Mind wakes up; realizes that this must be TGS, and they must be calling for me. Go back to couch, lie down, stew about it for a bit. I haven't had enough sleep (went to bed at 3:45) and must work at eight.

This is not just insult on top of injury, this is .... inability to find their eight hundred number and call back toll-free. Damn.

Knock on door. It is Dude's girlfriend, come to pick up her boyfriend and my nephew for their day of fun out of the house so that Sis may have a rendezvous with her boyfriend (who she has not seen in about a month and, judging from the amount and volume of bitching, really misses) in private. "Sorry I'm late; I overslept," she says.

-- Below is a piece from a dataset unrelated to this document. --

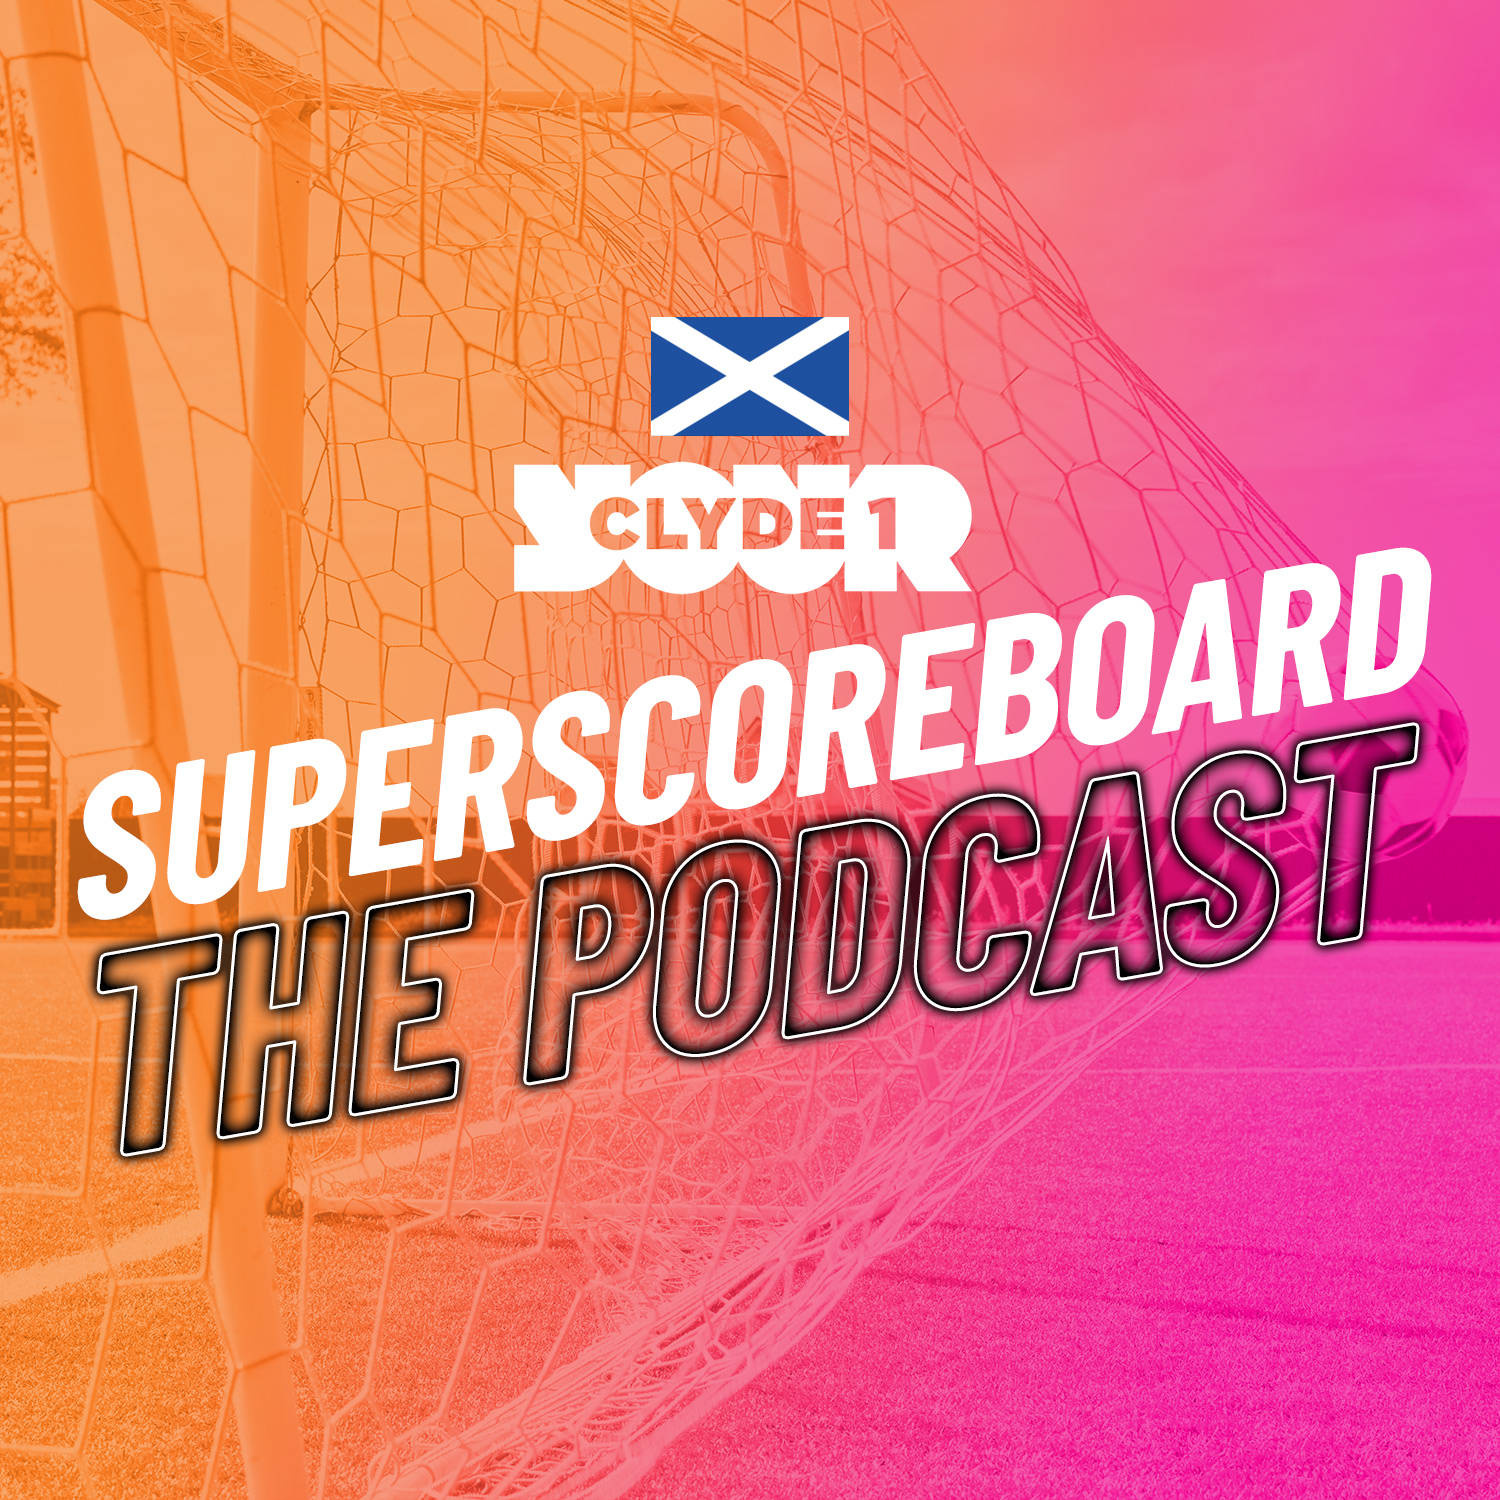 Friday 8th December Clyde 1 Superscoreboard

"Thasss OK," I say, bleary-eyed.

"Oh, did I wake you up?" she wants to know.

"Noooo, the telemarketers already did that," I say. "Hey, wanna help me harrass them?"

"Sure," she says.

I pull out the calling card and proceed to call the number so thoughtfully provided on the Caller ID box.

"Someone from this number called for a Jo-Ann?" I ask.

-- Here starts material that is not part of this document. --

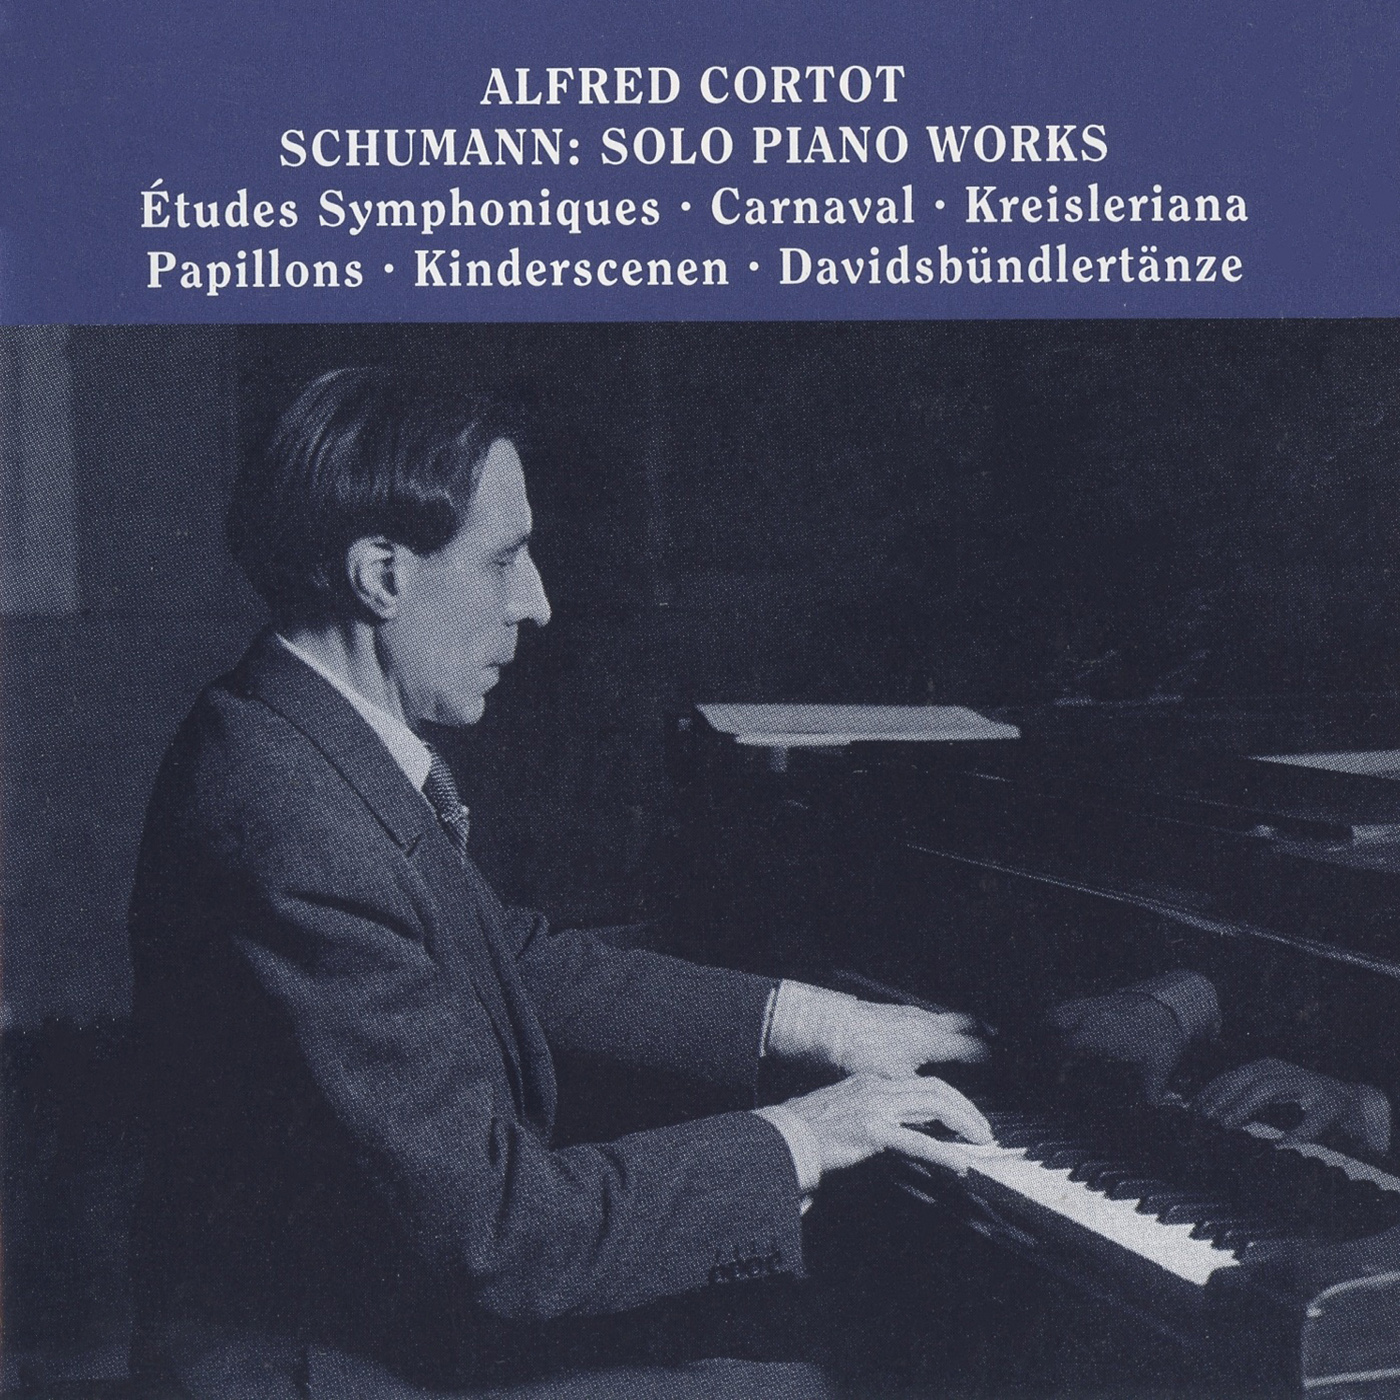 SCHUMANN, R.: Etudes symphoniques / Carnaval / Kreisleriana / Papillons / Kinderszenen / Davidsbundlertanze (Cortot) (1928-1948)

"Yes, we were wondering if you wanted to log-in," lady on the other end says.

"CAN YOU TELL ME WHO FROM THIS COMPANY CALLED ME AT FOUR-FORTY-ONE IN THE MORNING?" I demand, still in a perfectly reasonable tone, but with considerably amplified volume.

"Ma'am, this is a twenty-four-hour company...." chick begins.

"I AM NOT A TWENTY-FOUR HOUR PERSON. I NO LONGER WORK FOR THIS COMPANY; I DID NOT SIGN YOUR CONTRACT FOR A REASON; SO PLEASE TAKE ME OFF THE FUCKING CALL LIST!" I say, still at considerable volume, and no longer with sweet reason in my voice.

"Have a n-nice d--" chick begins as I hang up the phone.

People swarm out of the woodwork from the corners of my house.

"I'm sure glad [nephew] was still asleep," says Sis, emerging in her pajamas.

"You rock, dude!" says Girlfriend.



General laughter. "I am *not* a twenty-four hour person!" is going to be a byword around here for a while.